Hayhoe's statement wasn't the only thing interesting said at the conference. Among the speakers was Jean-Francois Mouhot, a French evangelical climate activist who argued that just as it's hard for people today to understand how people in times past could justify an economy based on slavery, people in the not too distant future will look back at our times and wonder how we could justify an economy based on fossil fuels. Mouhot pointed out that Jesus condemned the religious leaders of his day who built tombs for the prophets, thinking that they would never stone the prophets like in times past; while in reality they were plotting to kill Jesus. Mouhot's point couldn't have been clearer. We think that we're better than previous generations. We're really not.
There are, of course, many differences between the struggle against slavery and the struggle against fossil fuels. For one thing, there's the matter of intention. Nobody taking their family on a holiday vacation intends to harm their neighbor in the global South, and the process by which our emissions harm others is indirect, passing through the chemical composition of the atmosphere before it wreaks havoc on earthly ecosystems.

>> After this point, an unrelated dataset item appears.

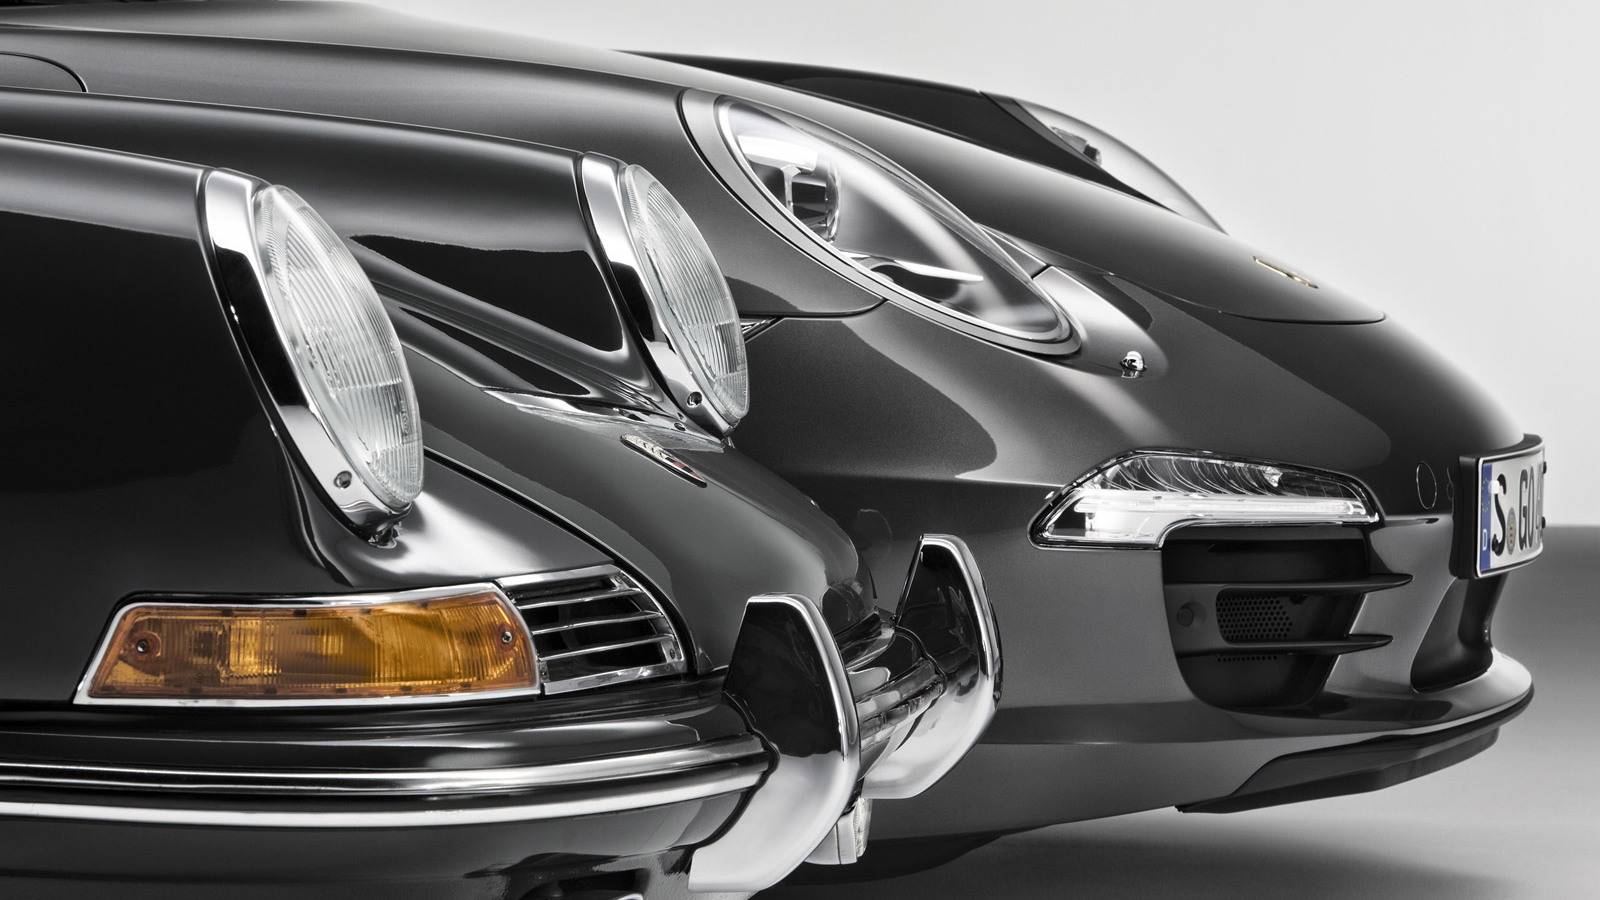 Original 1964 Porsche 911 and the Type-991 2013 Porsche 911 Carrera 4S

There's also the issue of culpability that gets thorny. Though the Industrial Revolution started about 170 years ago, most of the fossil fuel emissions have happened since the 1950's, and have continued unabated long past the point to where the world's top polluters could claim ignorance. We've known for the past 30-40 years the planet is warming, and that humans are causing it. How much should rich industrialized nations compensate poor developing nations for their carbon emissions, and what precisely should be the compensation mechanism to help these nations develop clean energy technologies while adapting to a changing climate of droughts, famines, stronger storms, and sea-level rise?

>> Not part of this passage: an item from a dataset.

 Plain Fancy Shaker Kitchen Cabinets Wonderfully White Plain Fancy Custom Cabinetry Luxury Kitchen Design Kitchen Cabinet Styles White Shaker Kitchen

This is where climate justice comes in. It's also why Katharine Hayhoe, an atmospheric scientist who was an expert reviewer for the Nobel-prize winning Intergovernmental Panel on Climate Change, says that facts are not enough, because science can tell us what the problem is, but it can't tell us what to do about it, because the solution has to do with what's in our hearts. She should know. As a conservative evangelical and a pastor's wife living in Texas, Hayhoe travels and speaks to conservative Christians who wouldn't otherwise listen to a climate scientist because of age-old conflicts between faith and science and their general distrust of government.

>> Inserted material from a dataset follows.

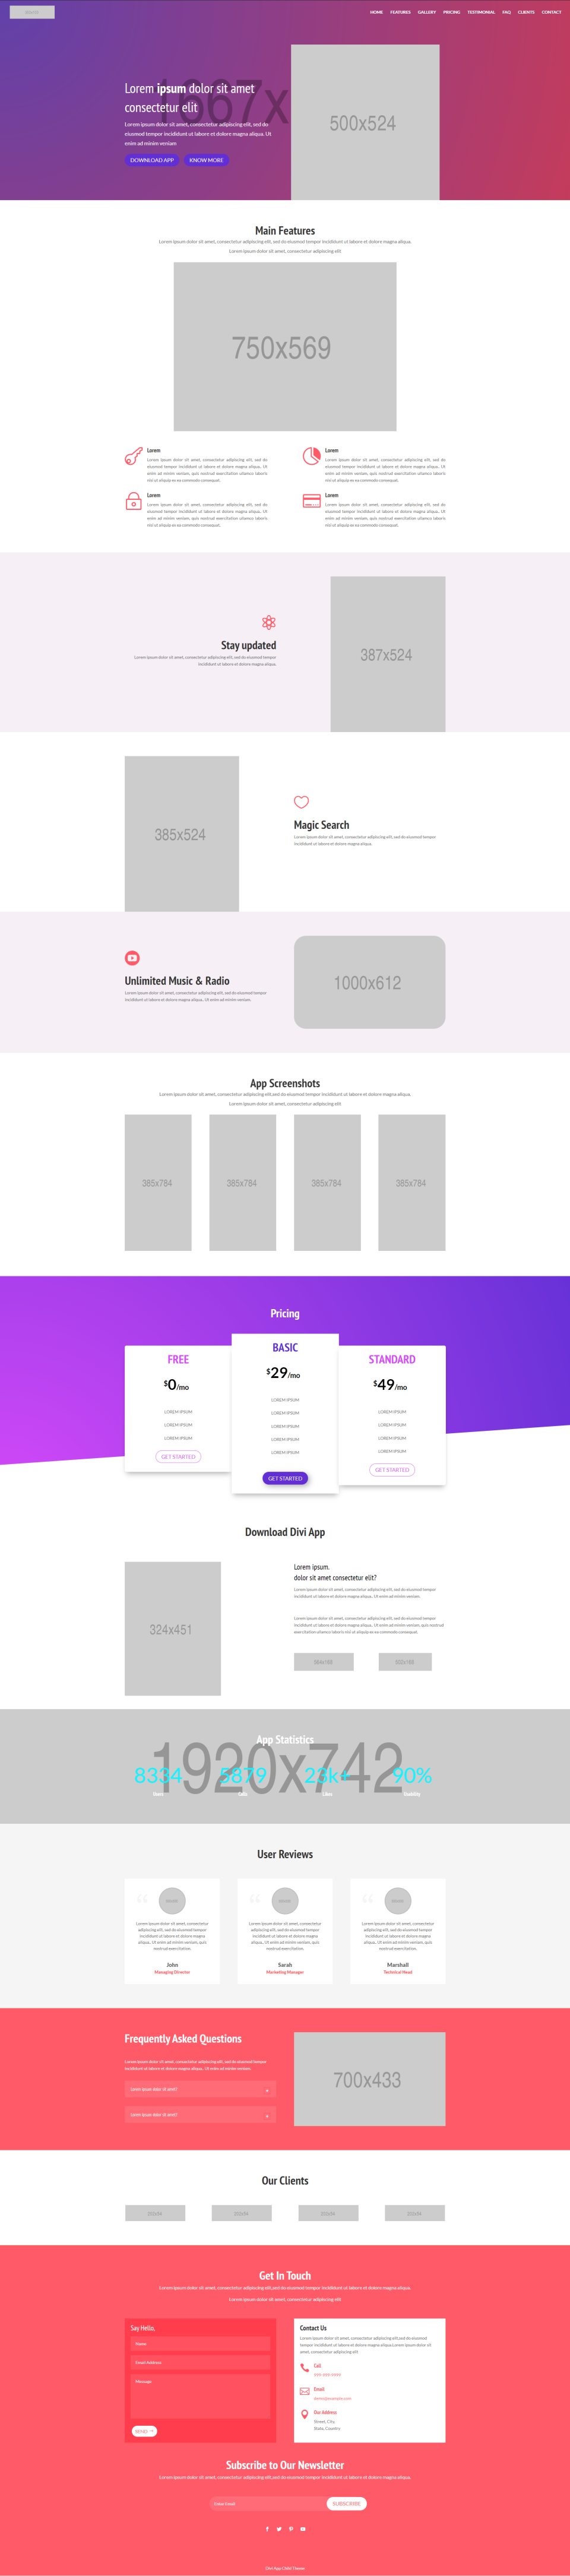 Divi App Child Theme Home Page

"Polar bears are dying in the Arctic because of melting sea ice, but it's not about the polar bears. It's about the fact that we're next", said Katharine Hayhoe.
She's not alone.
Earlier that morning I snapped a photo of some of my new friends praying for Bishop Efraim M. Tendero, the Secretary General of the World Evangelical Alliance, which represents 600 million evangelicals around the world. Bishop Tendero asked us to pray for strength to communicate the importance of caring for creation to the evangelical world, as well as the urgency of global climate action. And back in the U.S., the National Association of Evangelicals has also gotten on board. In October, the NAE officially passed a resolution affirming the Lausanne Capetown Commitment of 2010, which is a global evangelical statement affirming the need for Christians to adopt lifestyles that renounce habits of consumption that are destructive or polluting, to exert legitimate means to persuade governments to put moral imperatives above political expediency on issues of environmental destruction and potential climate change, and to recognize the calling of Christians who engage in the protection and restoration of the earth's habitats and species through conservation and advocacy.
While it's unclear whether the framework negotiated by world leaders this week will allow us to avoid the worst effects of climate change, the fact that evangelical leaders are demonstrating their concern for how climate change impacts the poor is very good news. Perhaps the efforts this week of myself and the rest of our group bearing witness to the relevance of the COP 21 negotiations can serve as a sign that the tide is turning.